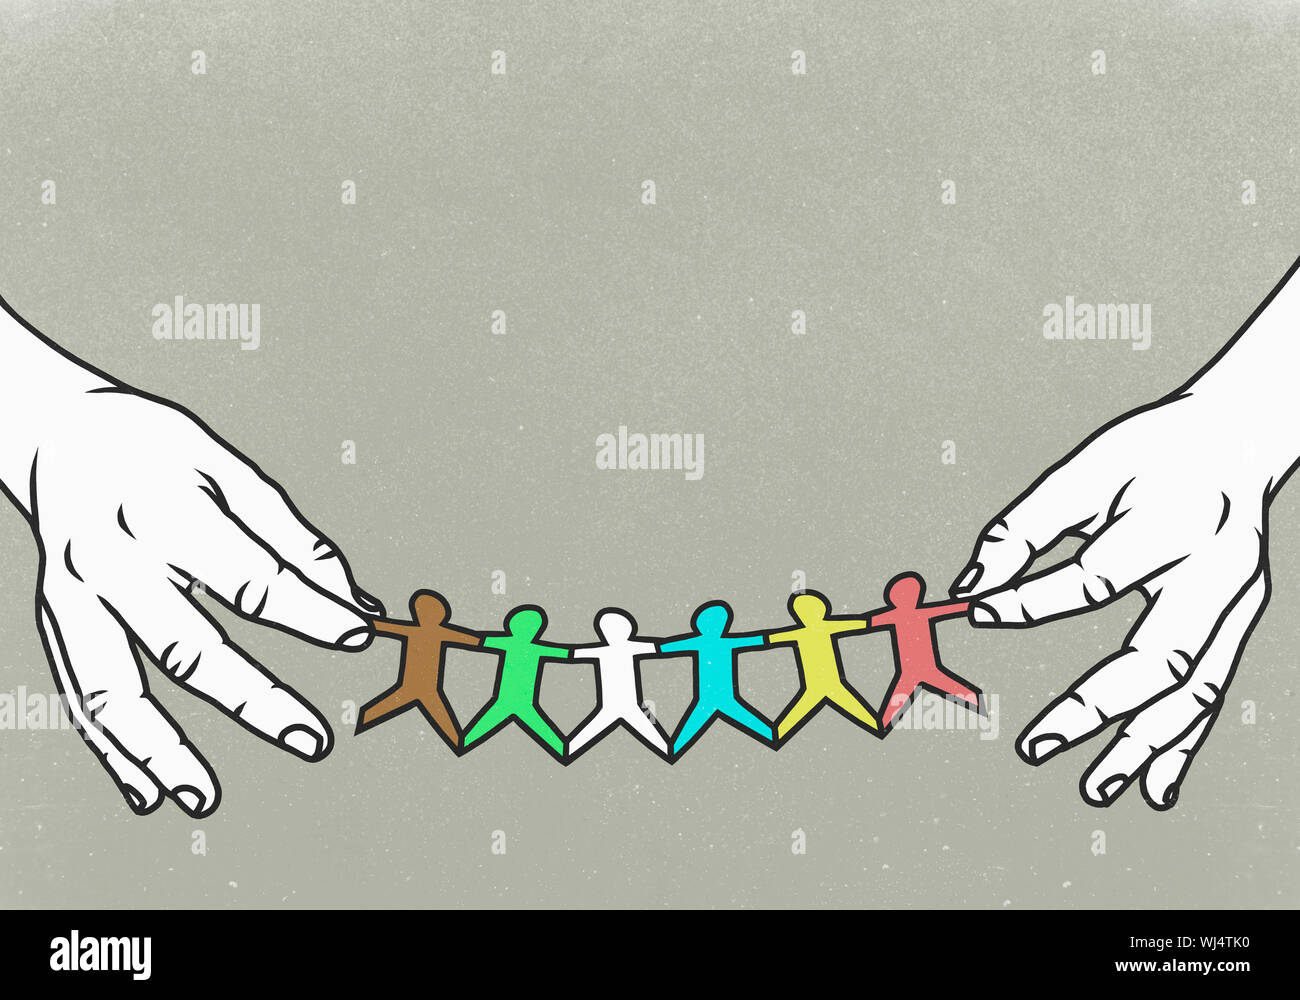 Hands holding multi colored paper chain Banque D'Images
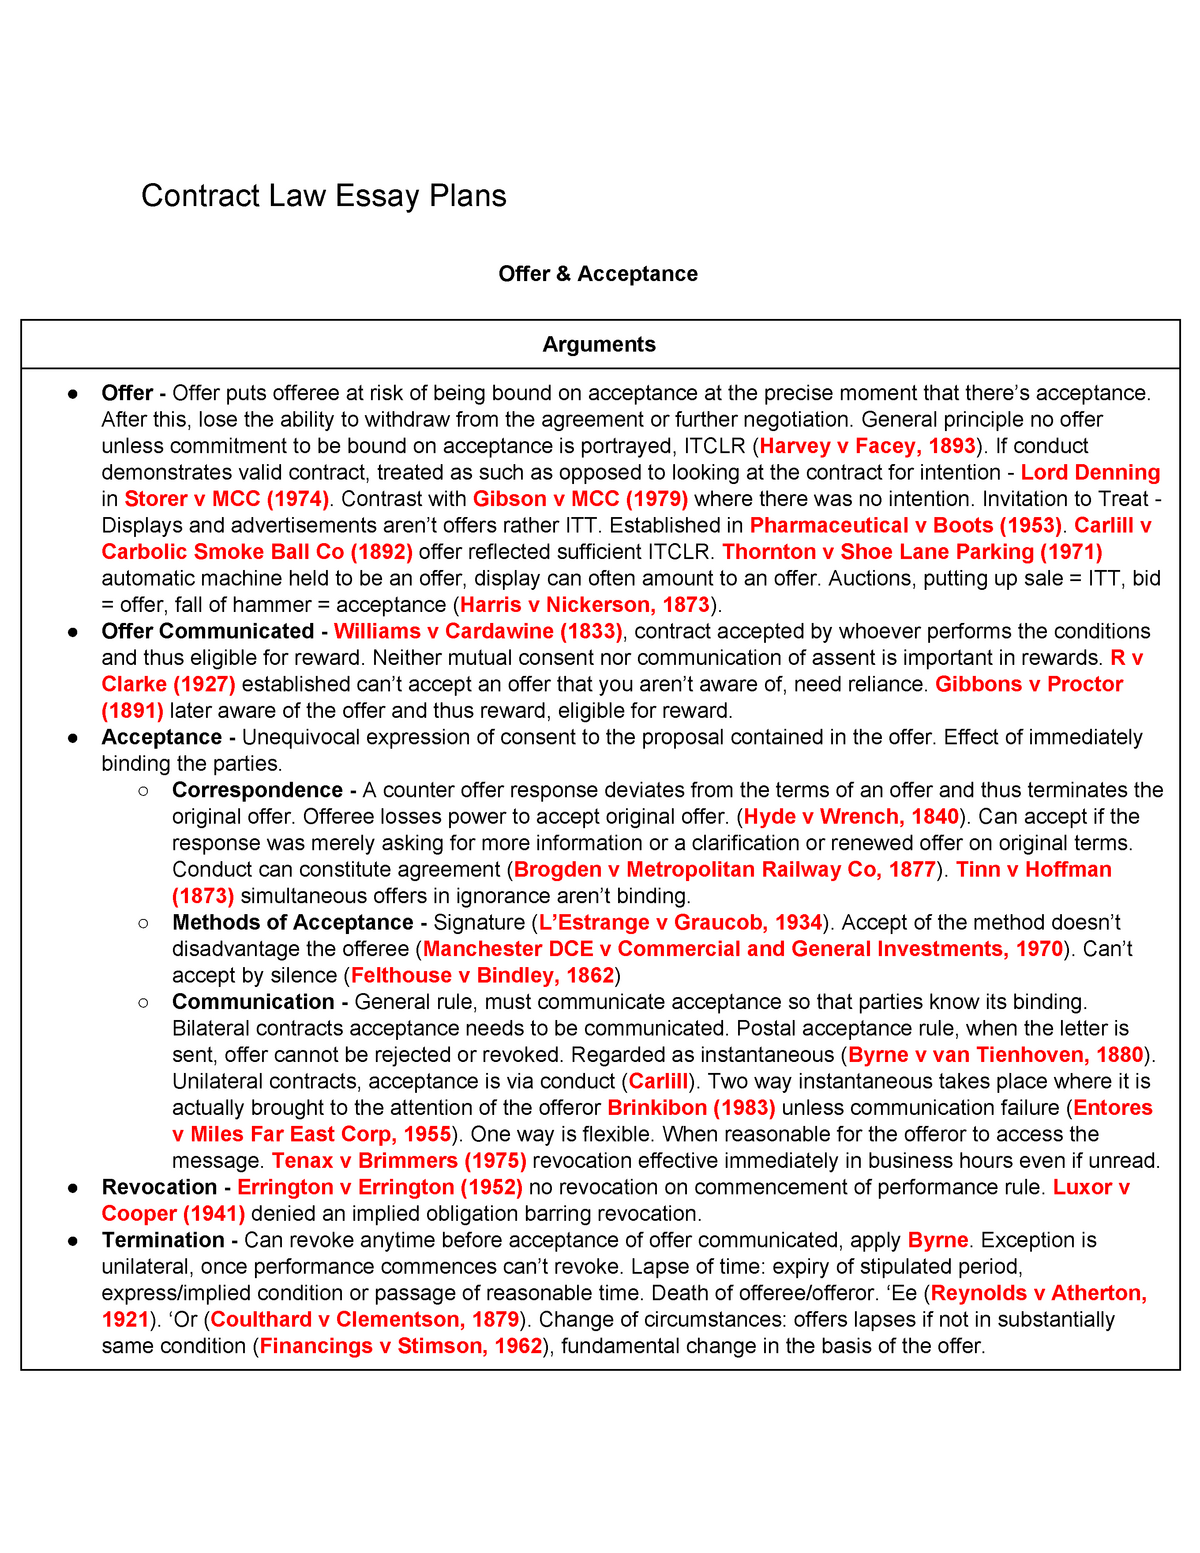 essay contract law
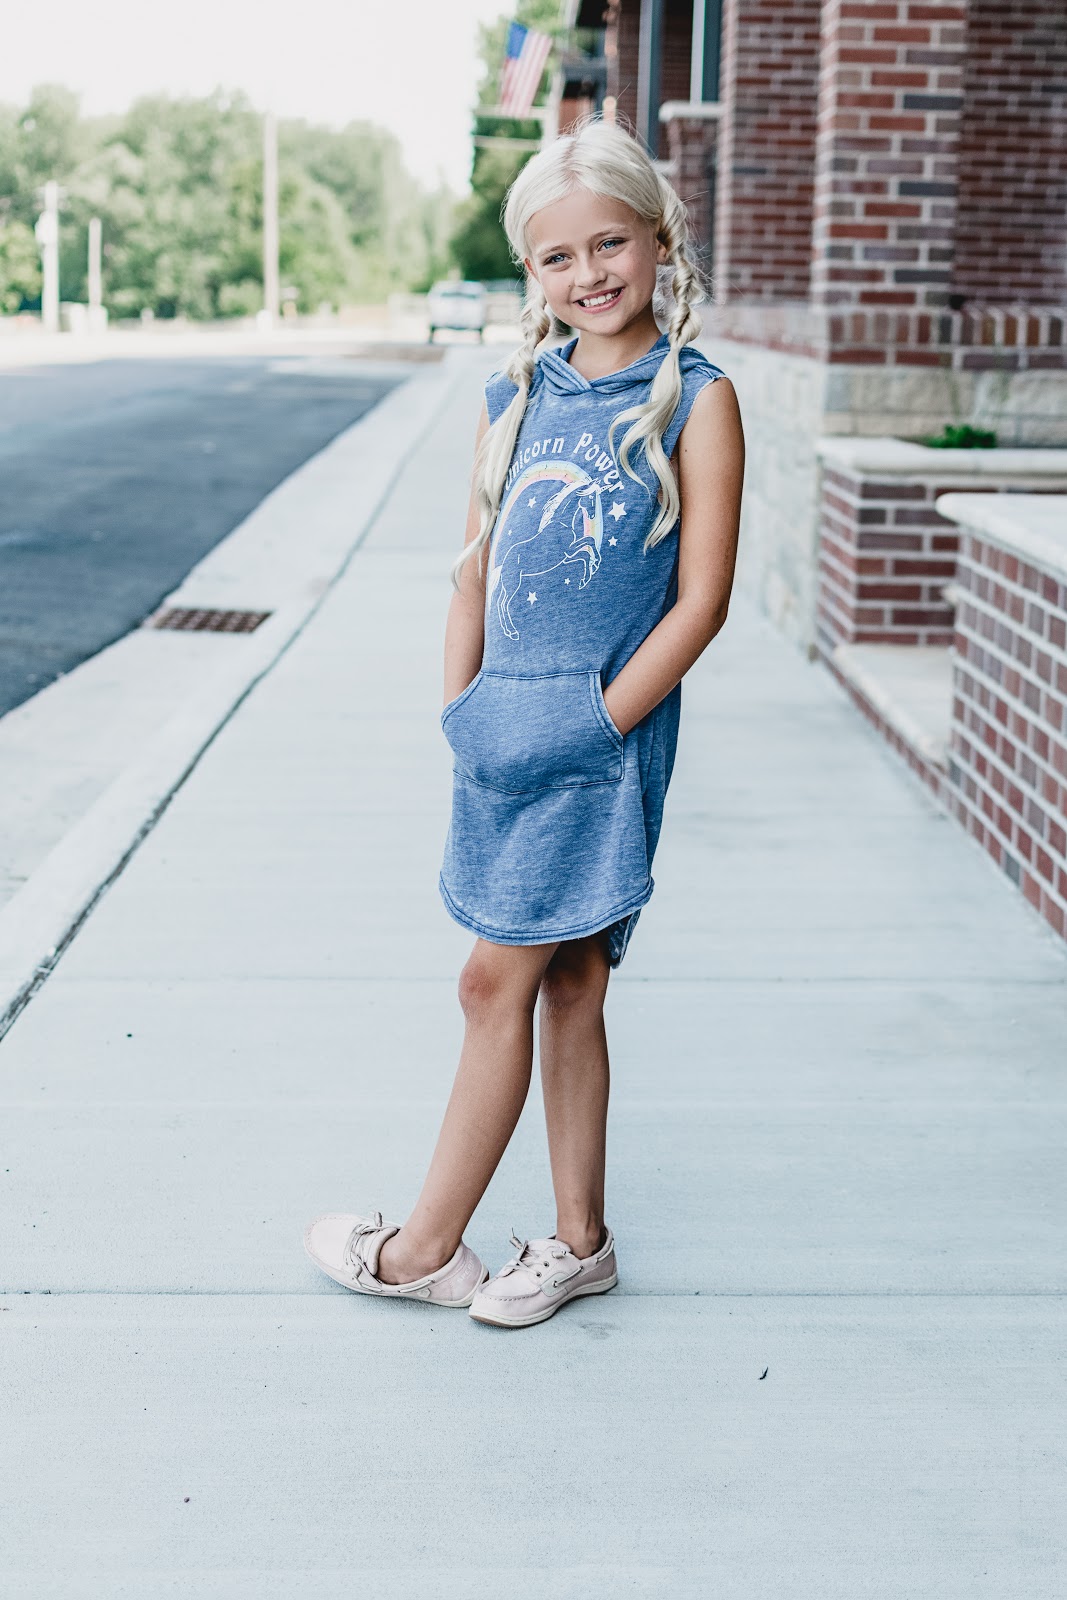 Back to school shopping, outfits, ideas, girl, little girl, backpack, shoes, clothes uniforms french toast
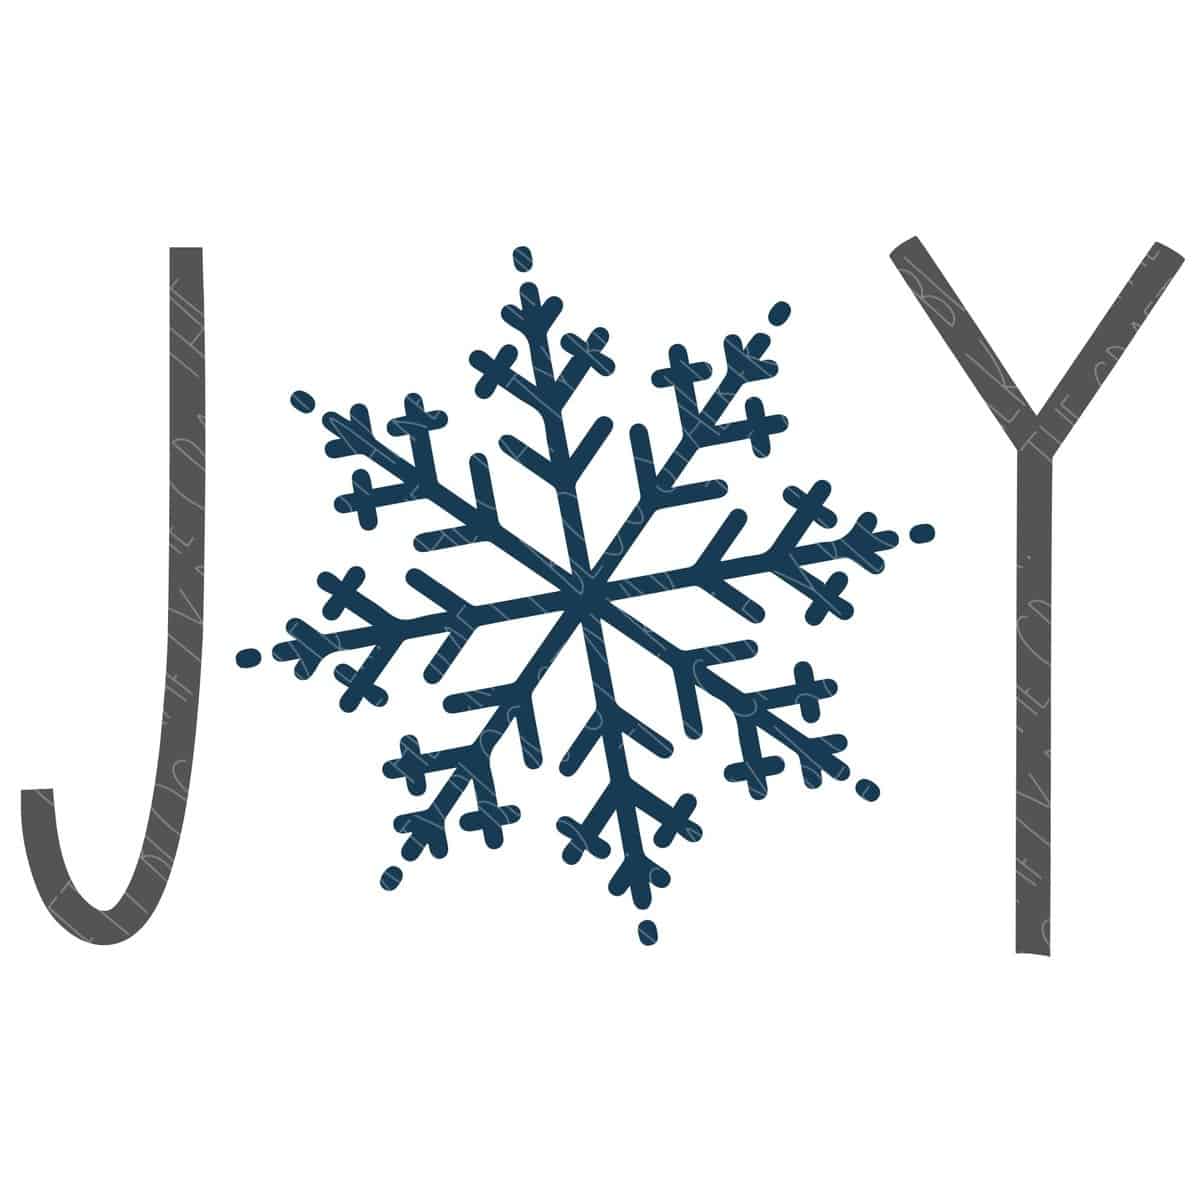 Snowflake Joy SVG	

			
		
	

		
			$3.00 – Buy Now Checkout
							
					
						
							
						
						Added to cart
----
__ASSIGNMENT__.
I'd like the material above repeated exactly, with the pictures omitted.

__RESULT__.
 Hands holding multi colored paper chain Banque D'Images
 essay contract law
 Back to school shopping, outfits, ideas, girl, little girl, backpack, shoes, clothes uniforms french toast
 Snowflake Joy SVG	

			
		
	

		
			$3.00 – Buy Now Checkout
							
					
						
							
						
						Added to cart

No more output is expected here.